When agent_id and agent_chain are present

  • agent_id present when the outermost actor’s client has is_agent: true.
  • agent_chain present when the issuing (outermost) client is registered as an agent; in that case it contains every hop in the delegation chain, including any non-agent service clients. There is no filtering by is_agent on intermediate hops.

Absent when the flow is entirely non-agent — machine-to-machine service calls, admin operations, plain user auth-code with a non-agent client. Your MCP server should treat missing claims as “not an agent-mediated call”.

Optional: agents.enable_jwks_listing

When agents.enable_jwks_listing: true (config), AuthPlane publishes a JWKS document per agent at /.well-known/agents/{agent_id}.json — useful for third-party verification of agent-issued signatures if agents sign anything themselves. Off by default; enable only if agents actually publish their own JWKs.

AS metadata advertisement

/.well-known/oauth-authorization-server includes:

{
  "authplane_agent_identity_supported": true,
  ...
}

Clients can key off this to know AuthPlane emits agent_id / agent_chain claims.
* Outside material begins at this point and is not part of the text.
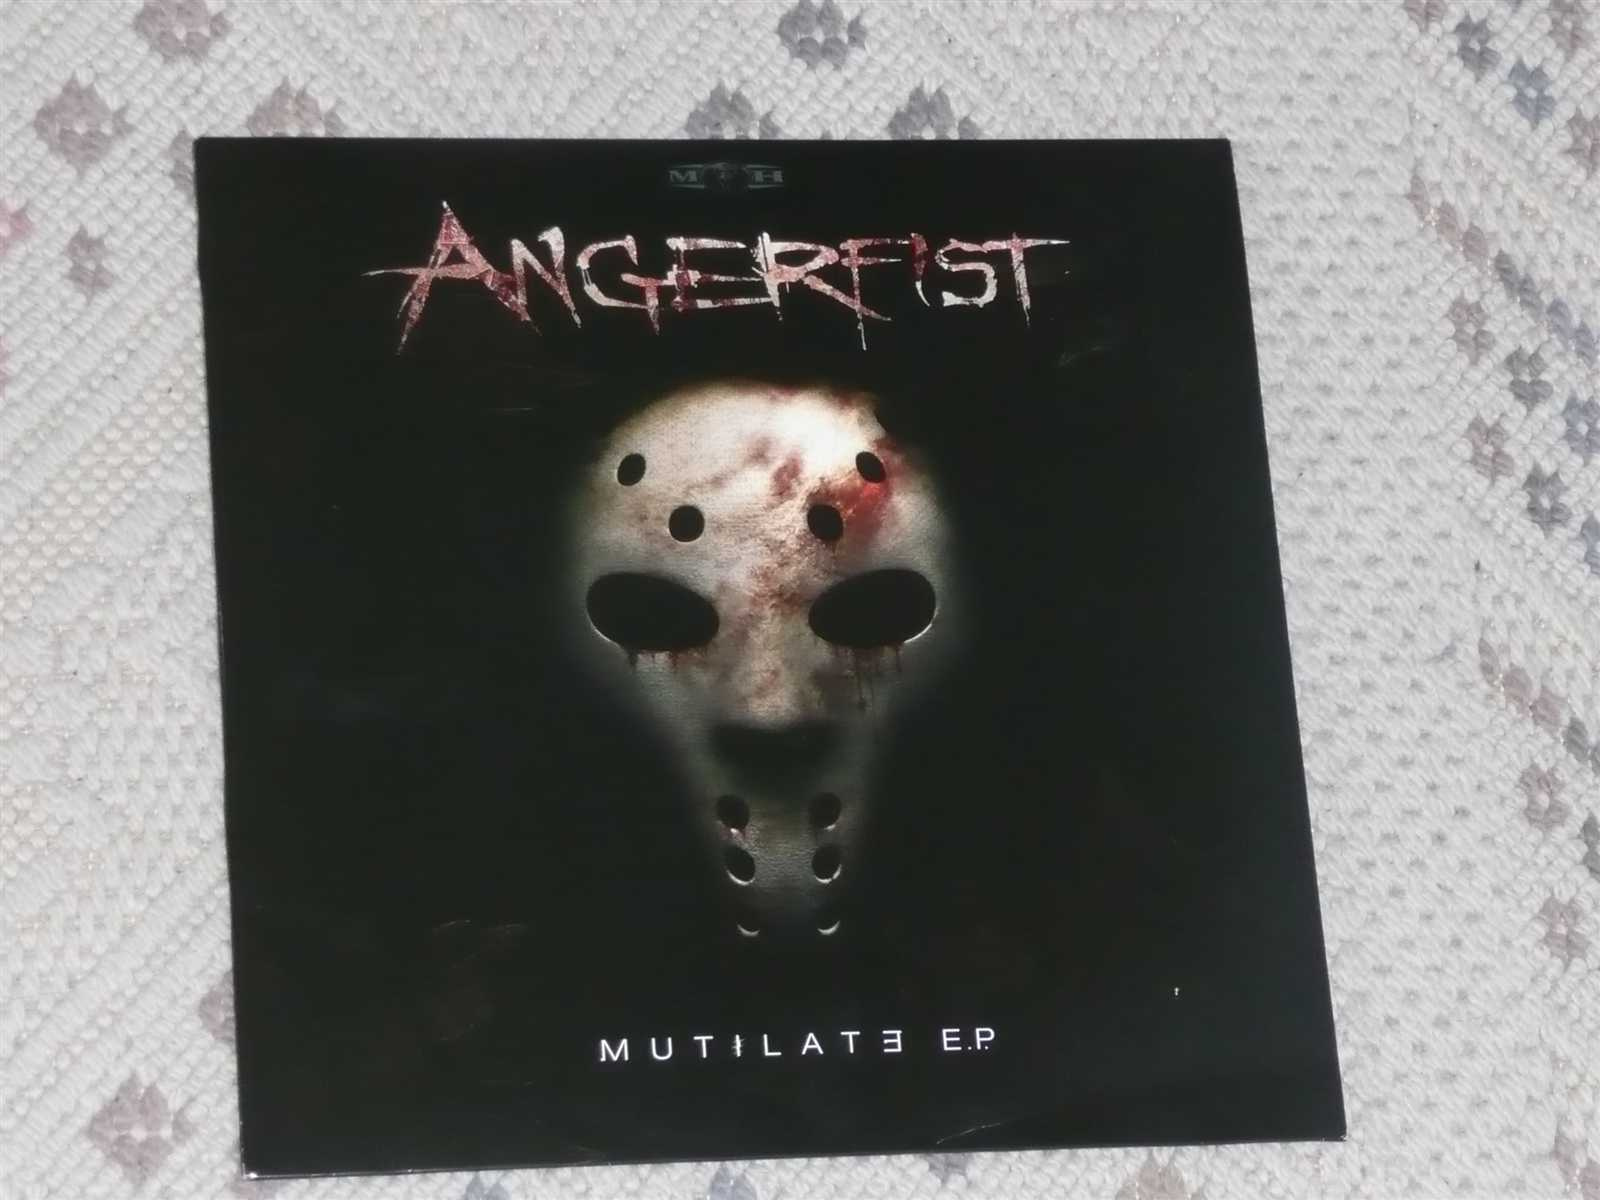 (MOH067) Angerfist - Mutilate (front)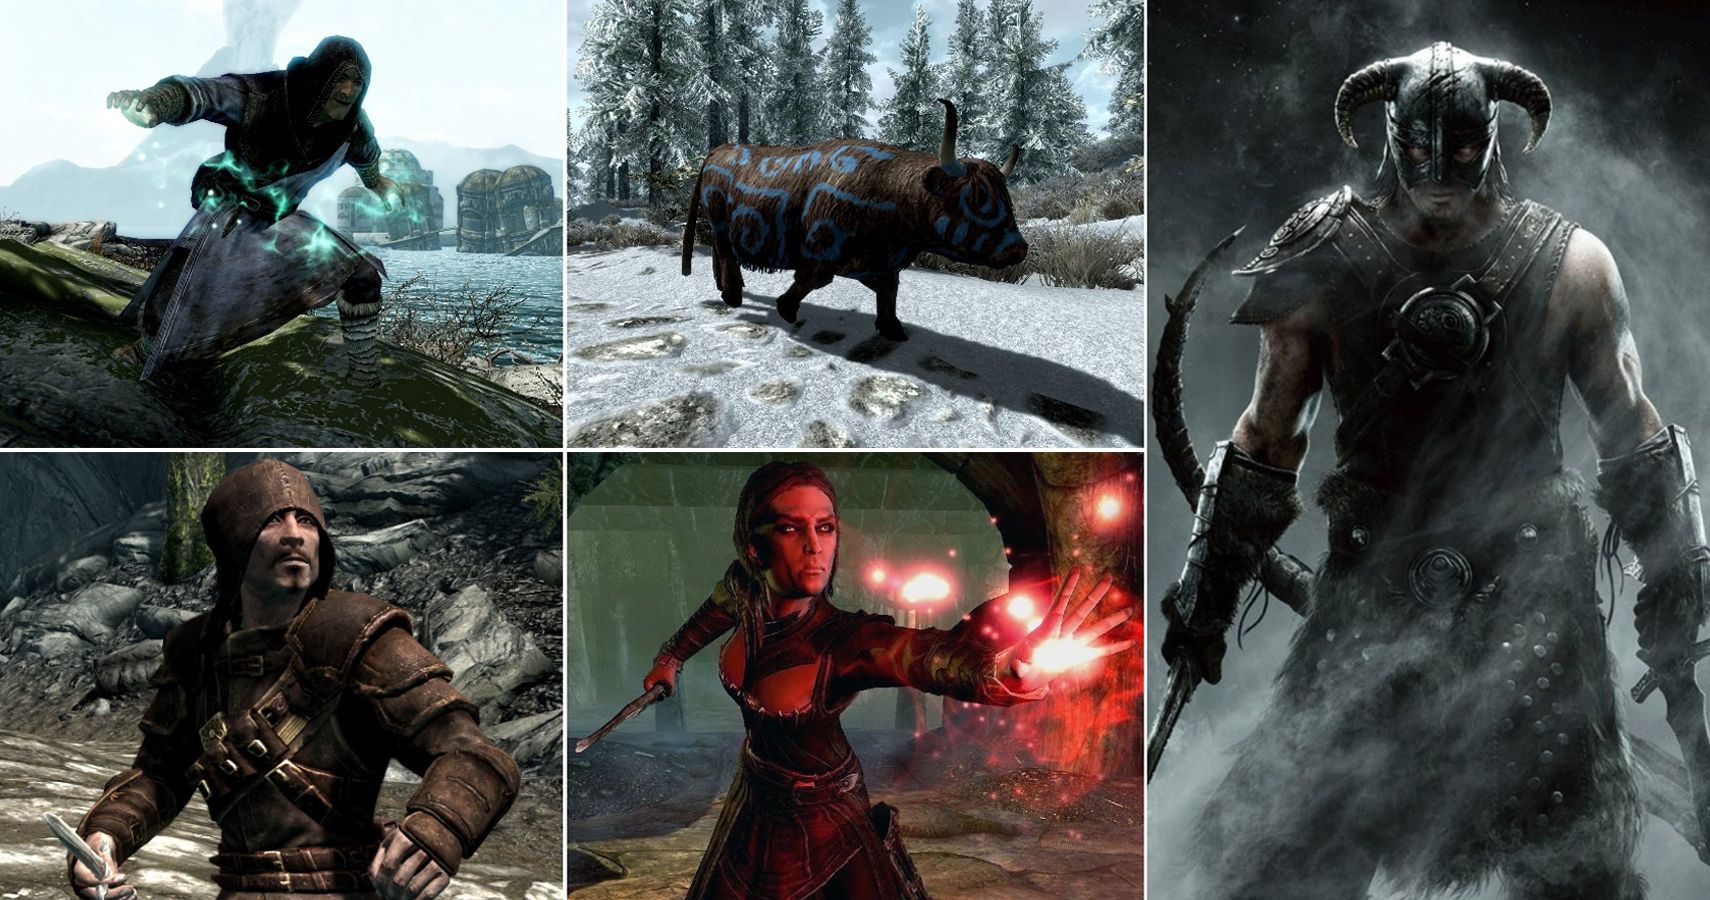 Skyrim: The 10 Craziest Random Encounters You Probably Missed

What downstream services should do with agent identity

  • Per-agent rate limits — throttle at the MCP layer by agent_id.
  • Per-agent quotas — count tool invocations per (user, agent_id) pair for billing / usage-based limits.
  • Enhanced audit — log agent_id + agent_chain on every request; enables “show me every action this agent has ever taken across our fleet” queries.
  • Agent-scoped policy — deny certain tools based on agent identity (e.g., “financial writeback tools not allowed for agents in agent_chain”).

What NOT to do: don’t authorize solely on agent_chain inner entries. Same rule as RFC 8693 §4.1 ¶6 — inner-hop identities (originator + intermediaries) are informational, not authoritative. Only agent_id (the current actor, the last entry in the chain) is trustworthy for access-control decisions.

Multi-agent example

User asks orchestrator agent → orchestrator delegates to research agent → research agent hits summarizer:

Token at summarizer:
{
  "sub": "user-42",
  "client_id": "agent-summarizer",
  "act": {
    "sub": "agent-summarizer",
    "act": {
      "sub": "agent-research",
      "act": { "sub": "agent-orchestrator" }
    }
  },
  "agent_id": "agent-summarizer",
  "agent_chain": ["agent-orchestrator", "agent-research", "agent-summarizer"],
  "scope": "tools/summarize"
}

Summarizer knows:

  • Currently holding: agent-summarizer (authoritative for authorization).
  • Delegation chain: orchestrator started, delegated to research, who delegated to summarizer.
  • Ultimate principal: user-42.

Everything reconstructable from the token alone. No external correlation needed.